The second goal of the conference, to build a roadmap for the future using the building blocks and momentum created by the USBJD, was achieved with a strategic planning exercise and the participation of experts working in 6 specialty groups. These groups presented their conclusions at the conference, where organization leaders agreed on where the focus of attention should be for the remaining years of the USBJD and the years beyond.

The USBJD started out with a strategic plan and expected participating organizations to take up action items relevant to their causes. In some instances that did happen, but in the main the USBJD realized it needed to take the lead position, and this has been how many of its accomplishments have been attained. In undertaking the current strategic planning exercise, we looked for a narrow set of highly focused priorities, which are of greatest likely impact to the burden of disease and value to participating organizations.

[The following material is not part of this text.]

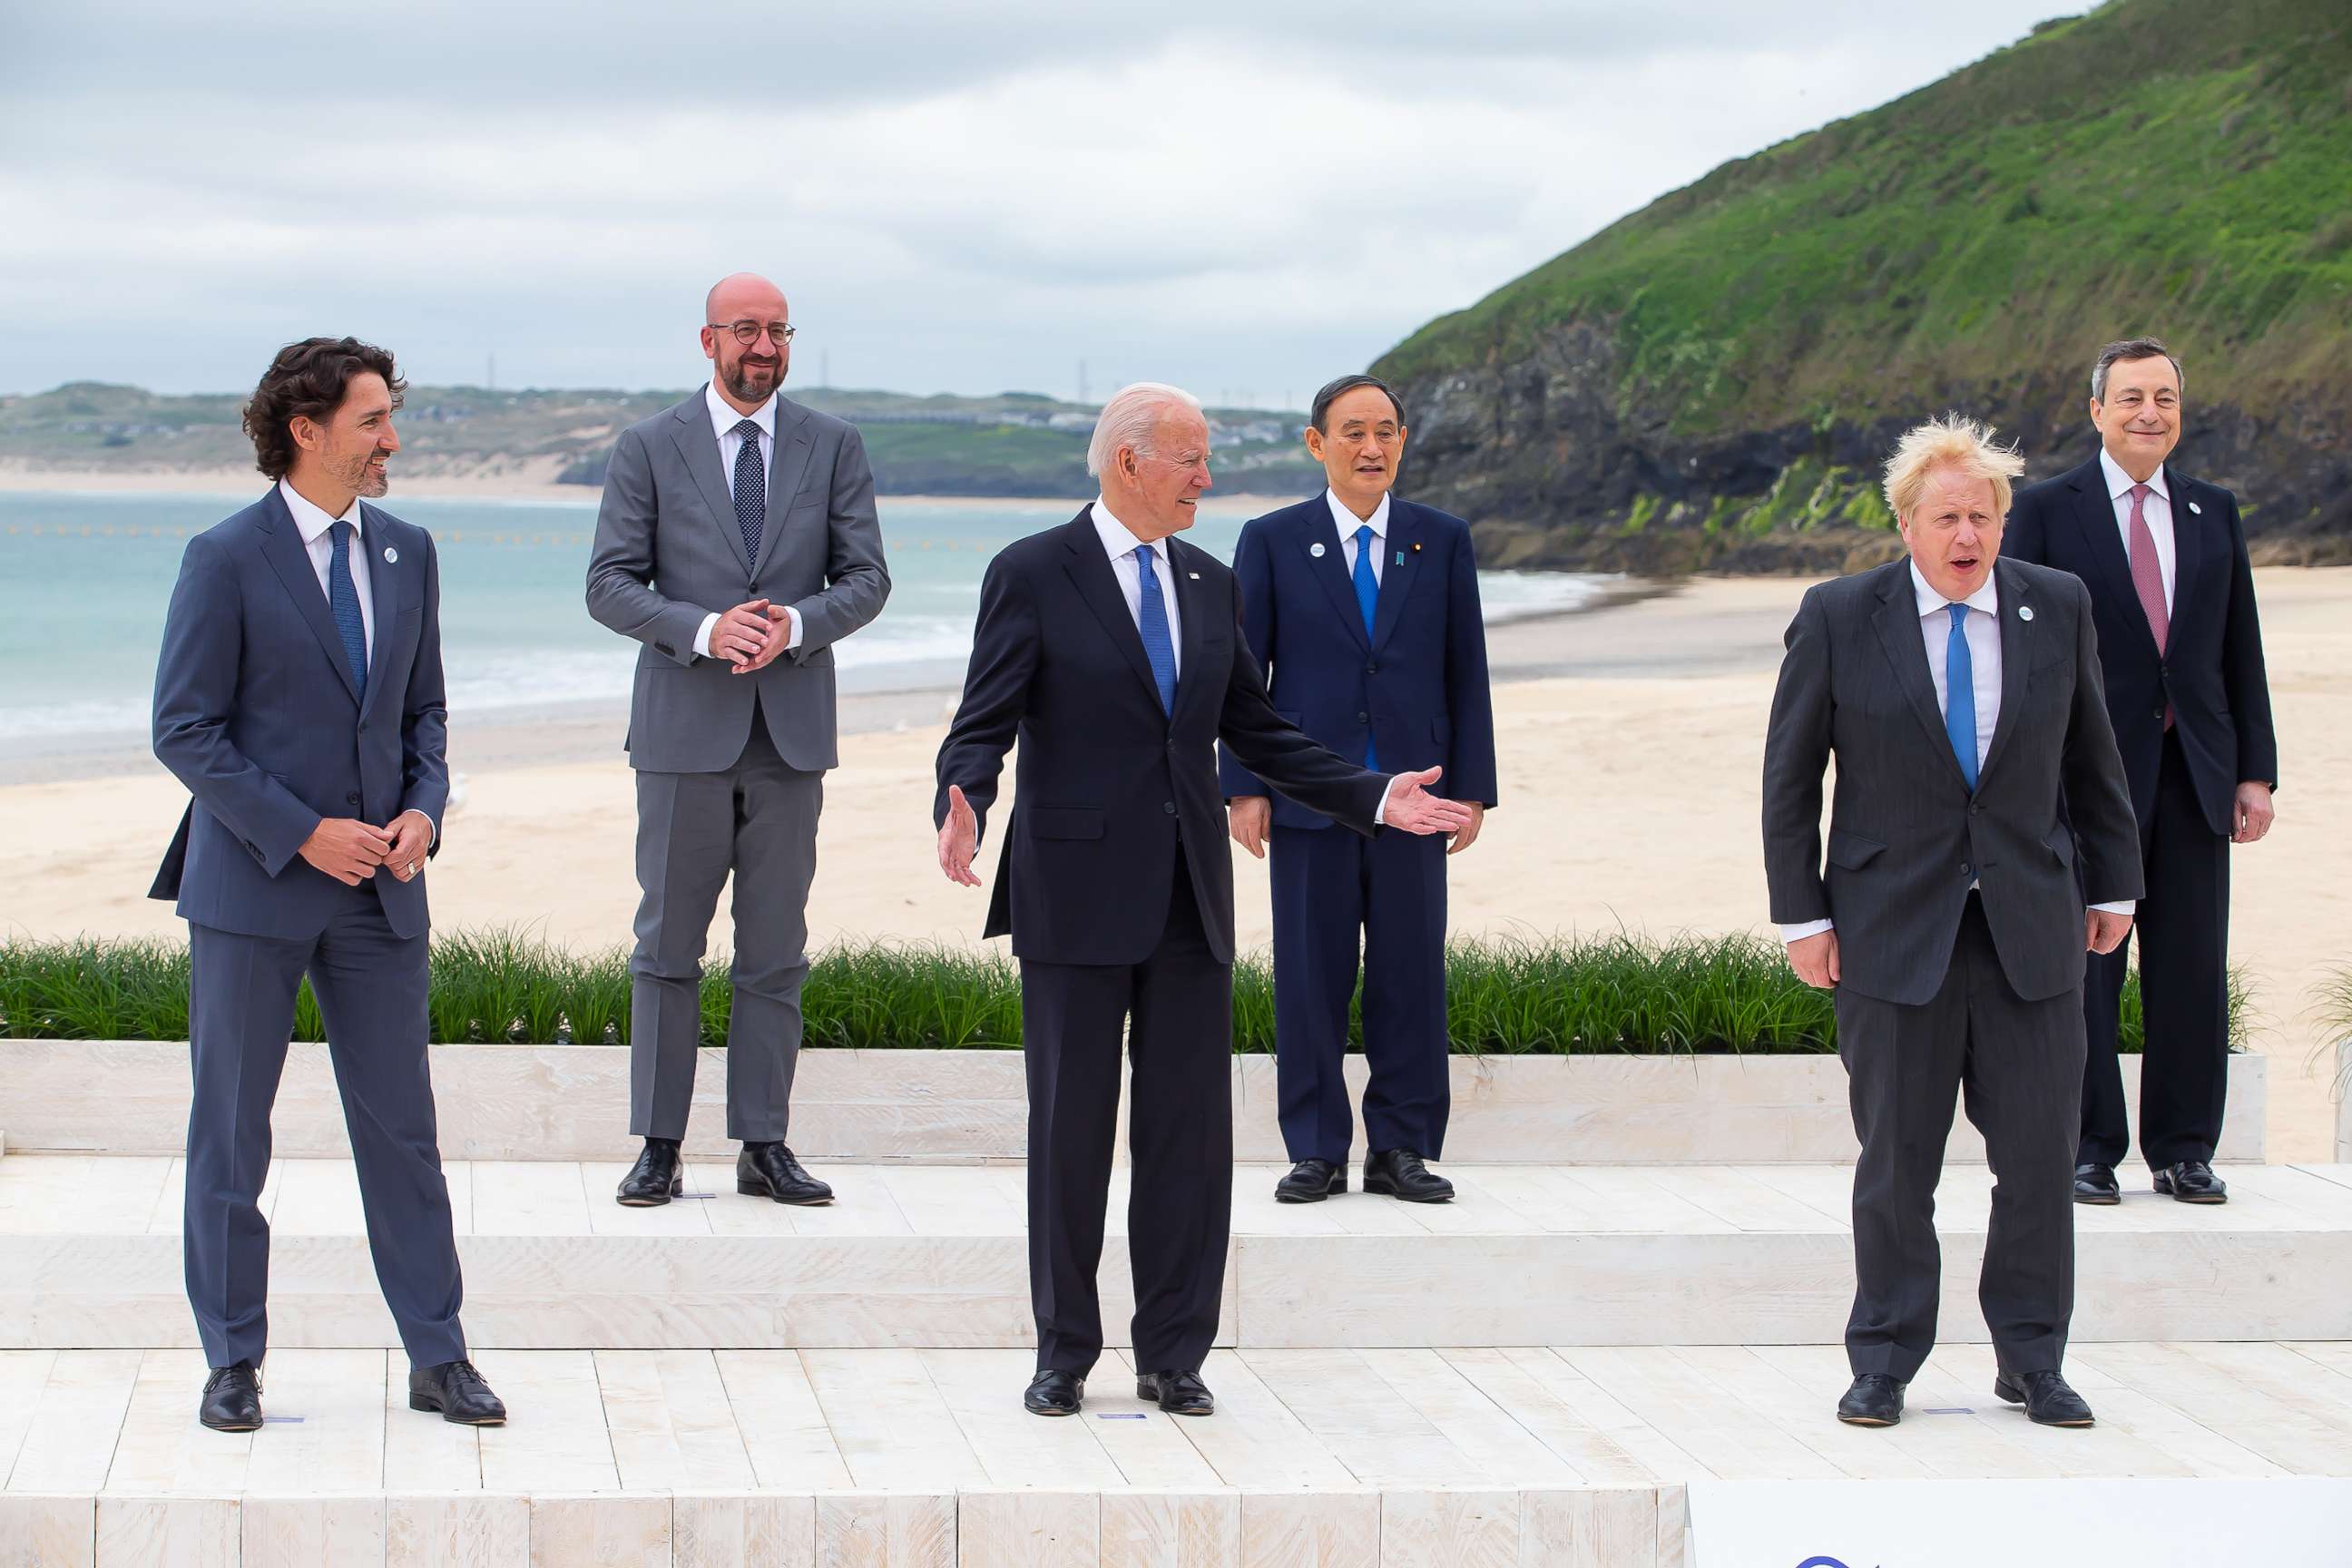 PHOTO: President Joe Biden, center, stands with other world leaders including U.K. Prime Minister Boris Johnson, right and Prime Minister of Canada, Justin Trudeau, left, during the G7 Summit, June 11, 2021, in Carbis Bay, Cornwall, U.K.

The strategic planning groups are underlining the need for good burden of disease data, improved training in musculoskeletal health at medical schools, public education programs focused on prevention, and the need for more research. So some existing programs continue to look highly relevant as we look forward. The noise level about refocusing on raising awareness and advocacy has been growing within the USBJD ranks, and we expect this is an outcome of the strategic planning exercise.

We should be proud of our accomplishments in public and professional education, in detailing the burden of disease data, and in the efforts to raise the number of investigators and quality of applications for musculoskeletal research funding. We must also recognize the amount of work that remains to be done to raise awareness about bone and joint health, most especially with the public and policymakers.